Visual Prompting for Conversational AI
Visual Context for Conversational AI
Visual Context for Conversational AI
Visual Context for Conversational AI
Visual Context for Conversational AI
OVERVIEW
Most AI chat is text-only. But when users want to reference a specific part of an image, explain a visual change, or communicate something they can see but can't name, words alone are slow and imprecise. This project explores how visual input–drawings, annotations, and commands–can become part of the conversation itself, without leaving the chat.
COMPANY
tldraw
COLLABORATORS
Product
Engineering
GTM
RESPONSIBILITIES
Research & Analysis
Concept Development
UX Exploration
PROBLEM
Conversational AI relies heavily on text, which makes it difficult to communicate visual ideas. When users want to reference specific parts on an image or explain a visual change, they often need to take screenshots, annotate them in another tool an re-upload them into the chat. This breaks the conversational flow and makes iterative worklows slower and more error-prone.
RESEARCH & INSIGHTS
To understand how users combine visuals and text, I explored common workflows across AI chat tools, visual collaboration platforms and messaging apps with annotation features.

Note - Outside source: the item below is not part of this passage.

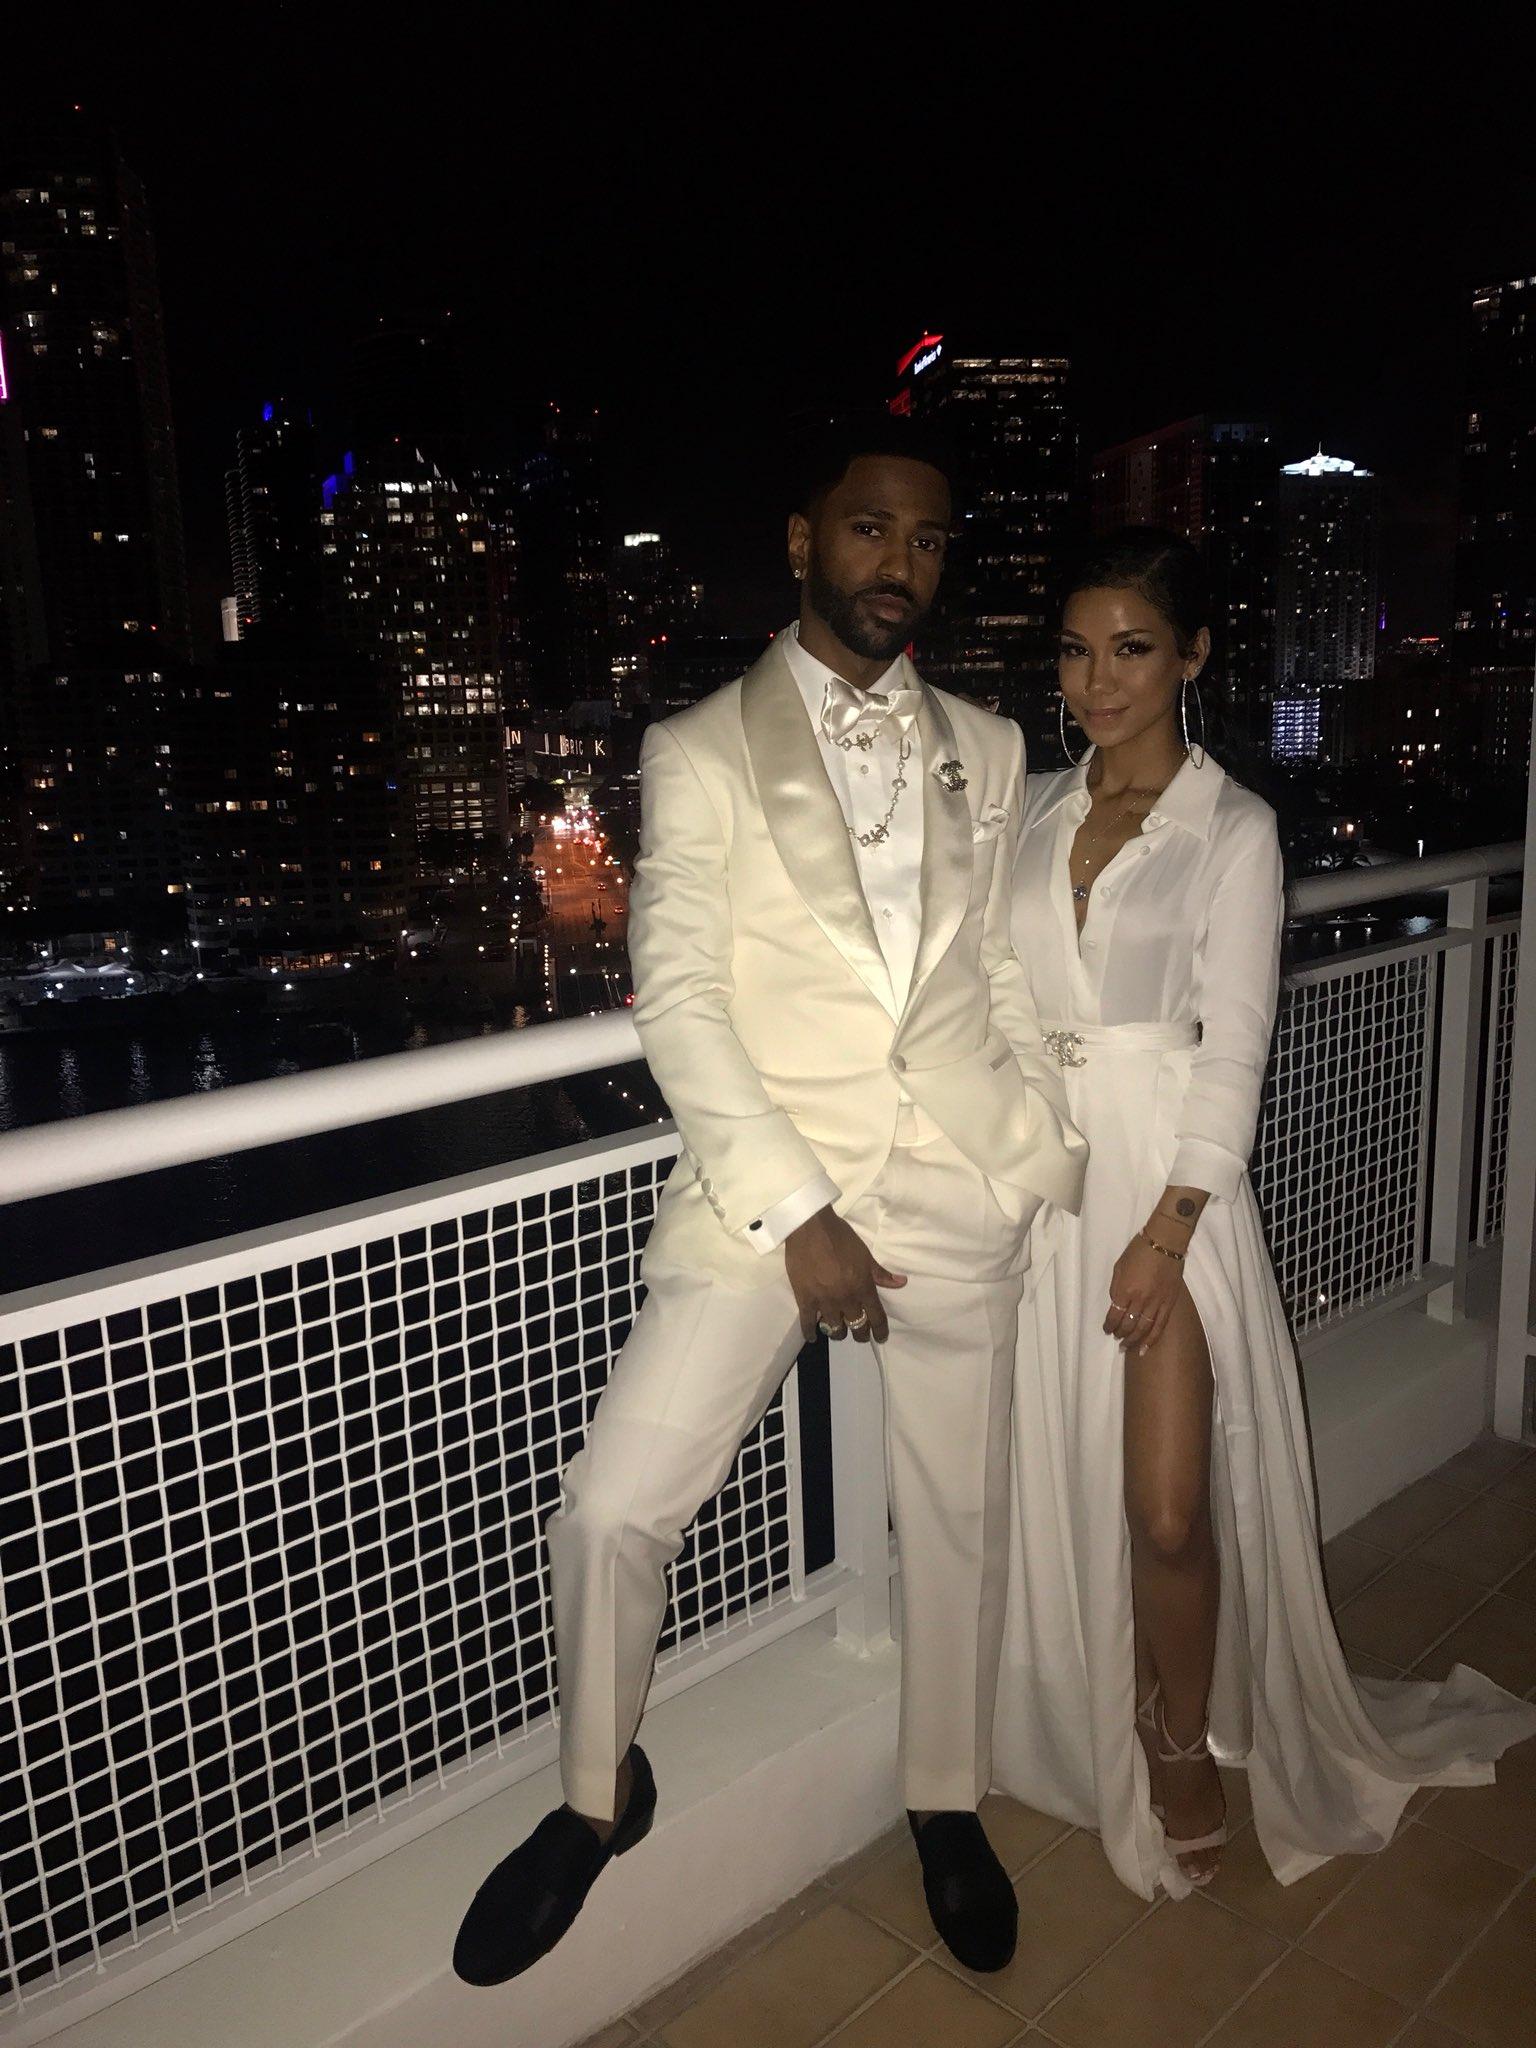 Made it down for Gucci n Keyshia wedding. https://t.co/HhjoOW5DYC

These insights suggested an opportunity to integrate visual context directly into the chat interface:
People prefer to show rather than tell when explaining complex ideas, but most existing AI chats rely heavily on text.
Iterative prompting is the norm. Users rarely get what they want in one prompt. They refine, focus, and redirect. Without visual precision, each iteration requires more explanation.

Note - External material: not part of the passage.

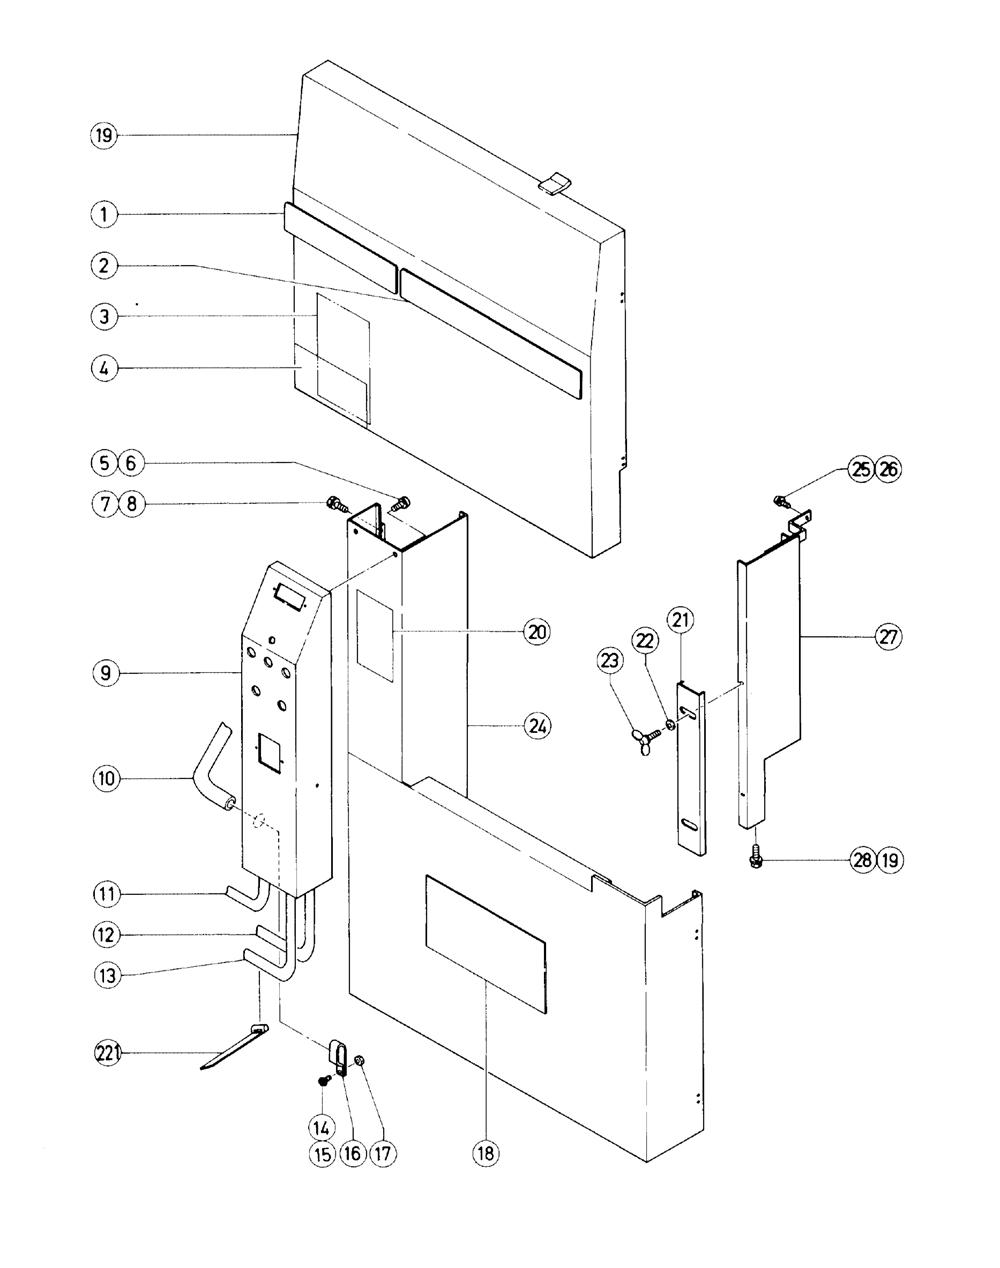 Hitachi Cb100fa Parts List Repair Oem Washing Machine Wiring Diagram Schematic

Visual context is fragmented across tools, so users have to switch between chat and external annotation tools
This isn't a whiteboard
with AI–it’s an AI
with a whiteboard
THE SOLUTION
A chat interface where users can interact visually in two ways: upload an image and annotate it directly, or open a blank canvas and draw freehand–then ask the AI about what they've drawn.
A canvas inside the thread: Allows users to draw a visual that's inside their head, when they don't have the words to describe it
HOW PEOPLE USE IT
(A) Instructional:
Give visual instructions to the AI or others e.g. collaborators (e.g. ‘Make this part bigger.’)
(B) Explanatory:
Clarify context in conversations (e.g. ‘Here is a hole in the fabric, as I mentioned.’ to help someone interpret an image) or just to clarify context without text
(C) Expressive:
Enhance images for personal use or social sharing by drawing, marking up, or layering notes directly on top
Why it's valuable
Behavioural Familiarity
Matches real-world visual workflows–users naturally communicate by pointing, circling, layering notes directly on top of visuals
Communication Efficiency
Reduces reliance on text–users don’t have to explain everything in words–visuals help users ‘show’ instead of ‘tell’
Clarity of Interpretation
Visual cues reduce miscommunication, especially in complex images
Convenience
All tools exist in one flow, keeping users focused
Iterative prompting is the norm in AI chats
APPROACH
This was a conceptual project: I created a brief, low-fidelity wireframes and a vibecode demo to explore interaction ideas. The goal was to see how visual prompting could work in a conversational flow.